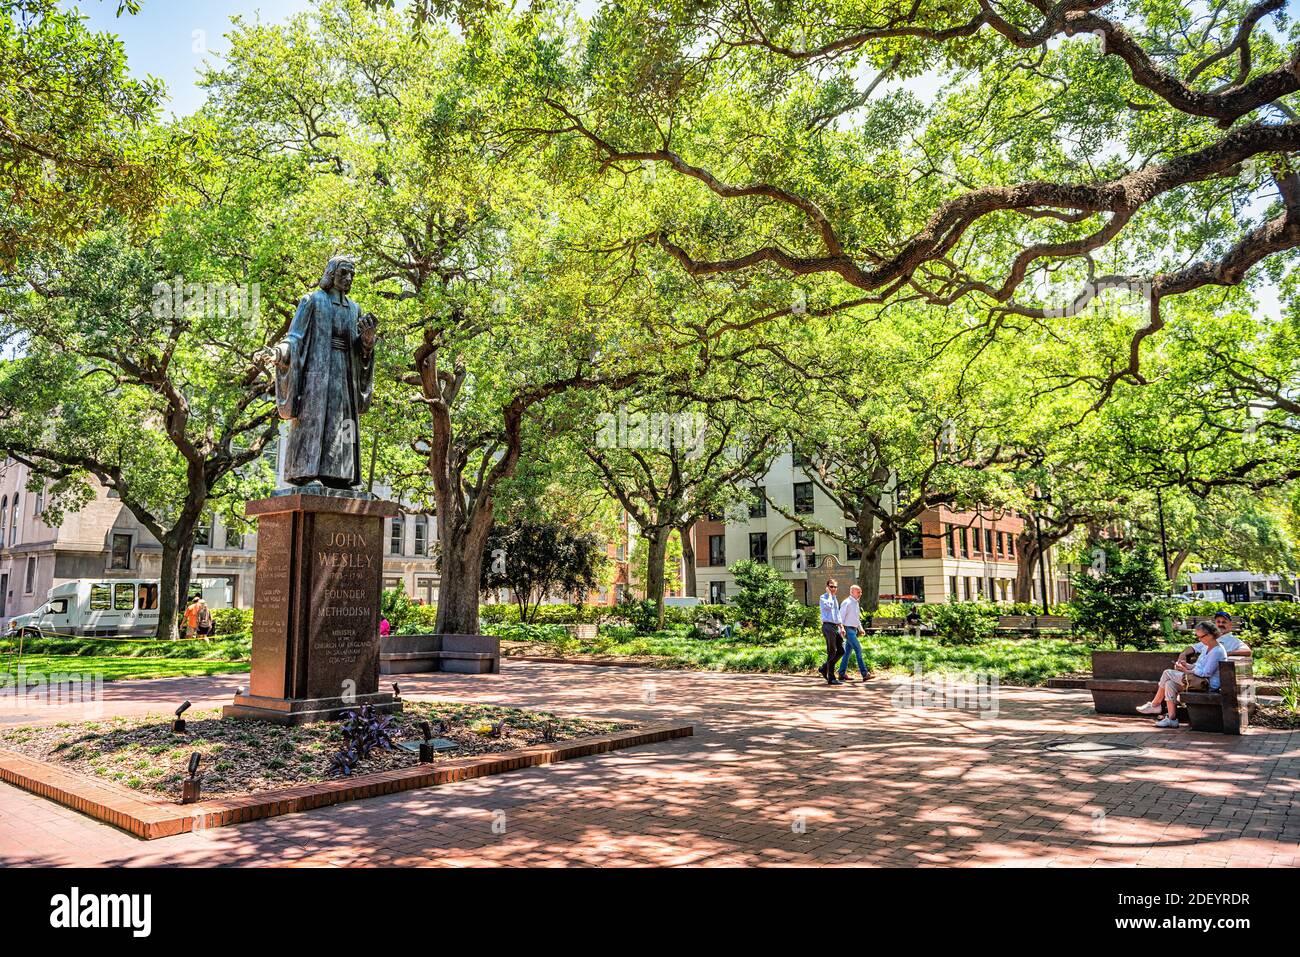 Savannah, Etats-Unis - 11 mai 2018: Reynolds Park avec des gens en Géorgie pendant la journée ensoleillée en été avec rue et statue de John Wesley dans le centre de la place Banque D'Images
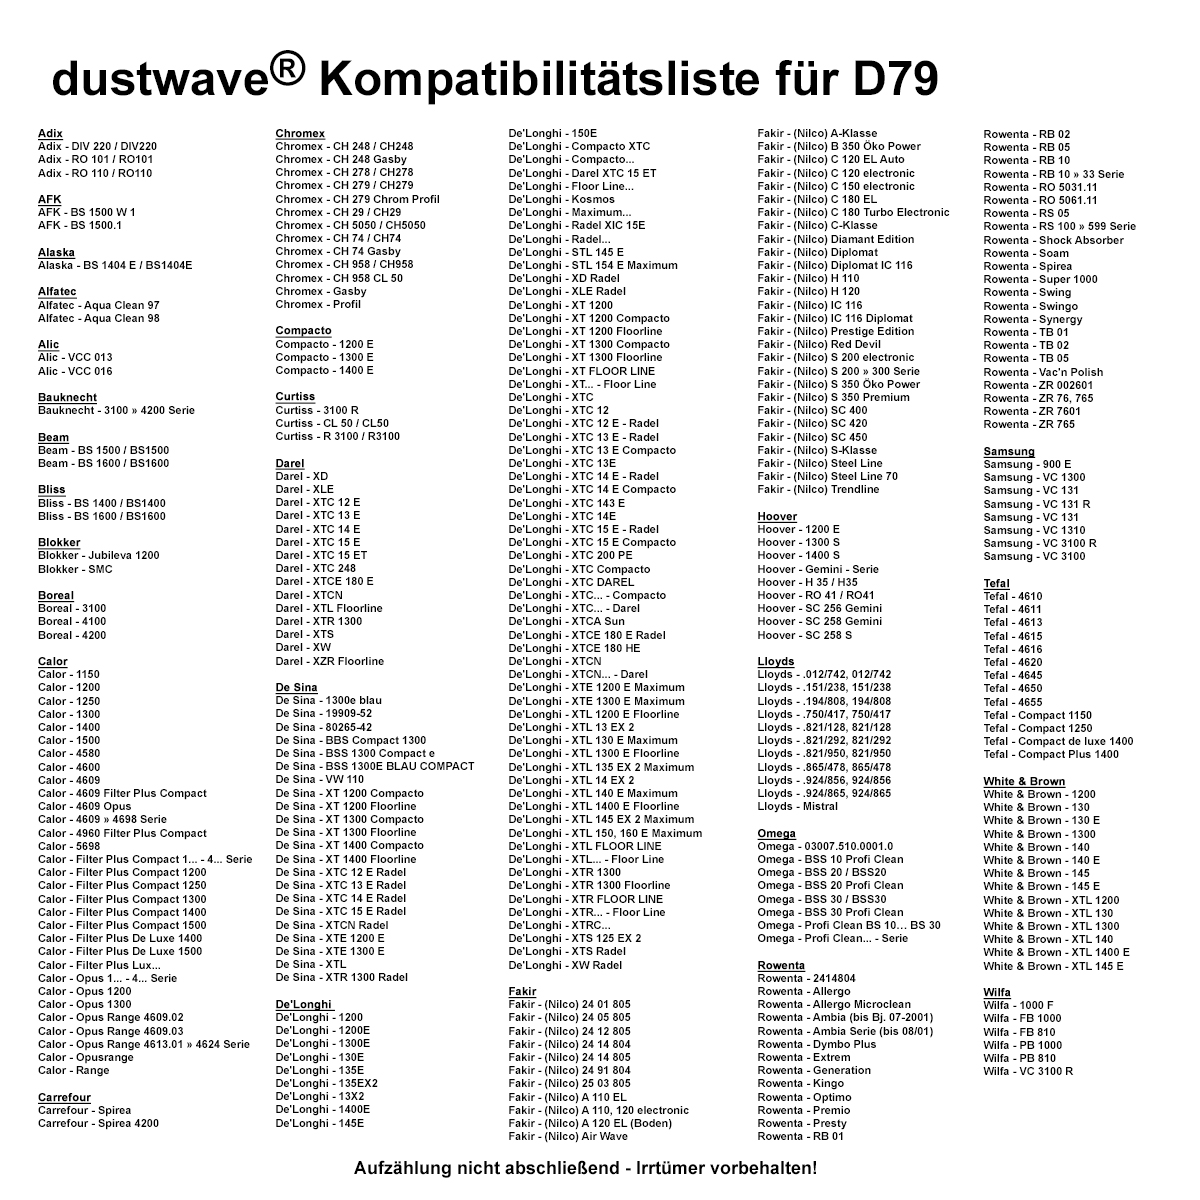 Dustwave® 1 Staubsaugerbeutel für Bliss BS 1400 / BS1400 - hocheffizient, mehrlagiges Mikrovlies mit Hygieneverschluss - Made in Germany
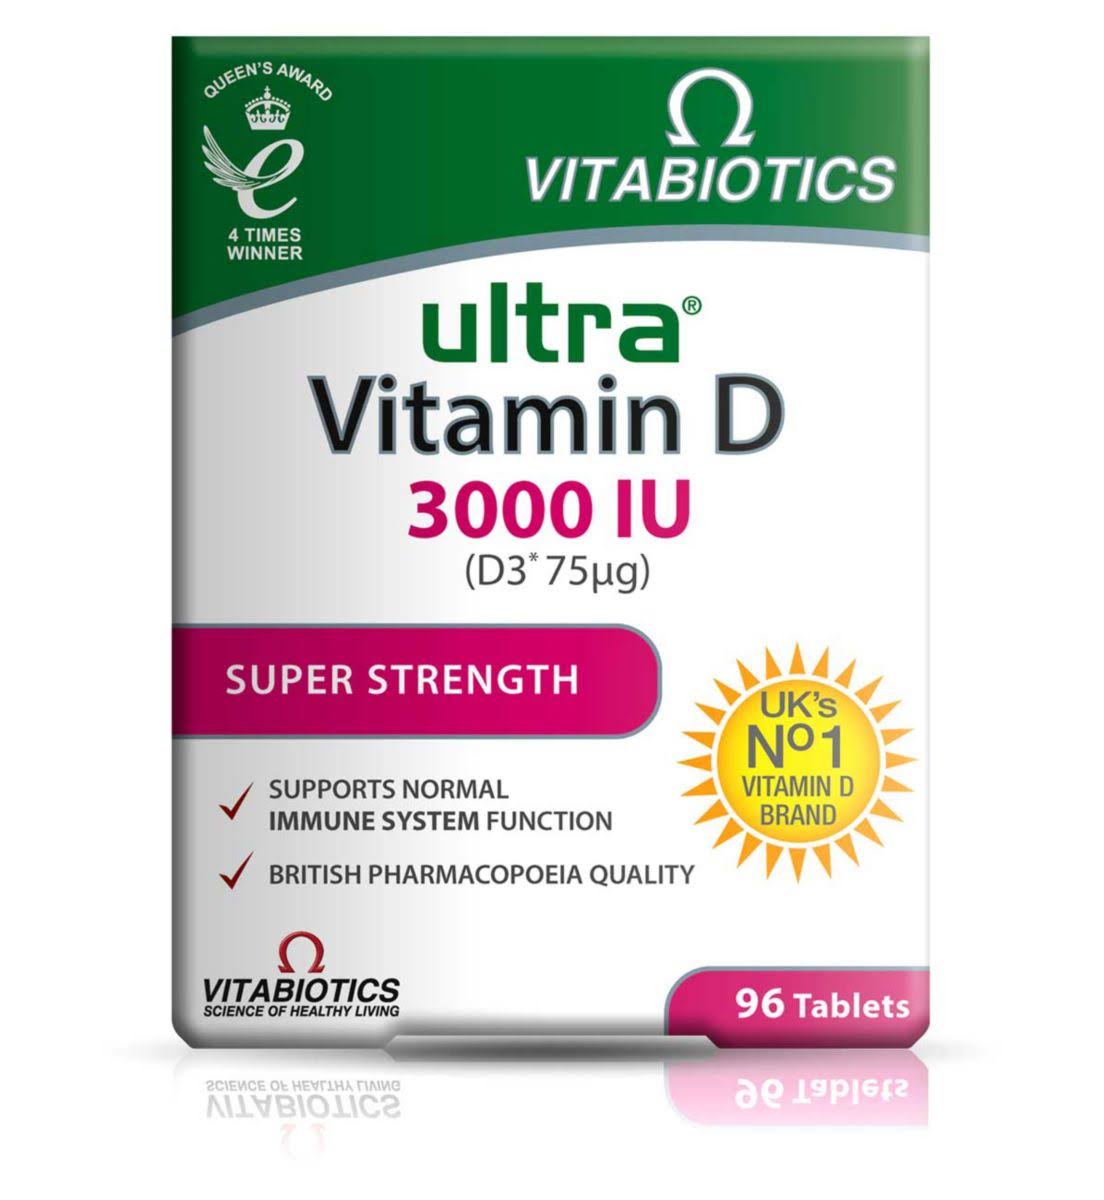 Vitabiotics Ultra Vitamin D D3*75μg 3000IU Super Strength 96 Tablets

» Problem description: Retype the data above exactly, dropping every picture.

» Expected output:
 Savannah, Etats-Unis - 11 mai 2018: Reynolds Park avec des gens en Géorgie pendant la journée ensoleillée en été avec rue et statue de John Wesley dans le centre de la place Banque D'Images
 Dustwave® 1 Staubsaugerbeutel für Bliss BS 1400 / BS1400 - hocheffizient, mehrlagiges Mikrovlies mit Hygieneverschluss - Made in Germany
 Vitabiotics Ultra Vitamin D D3*75μg 3000IU Super Strength 96 Tablets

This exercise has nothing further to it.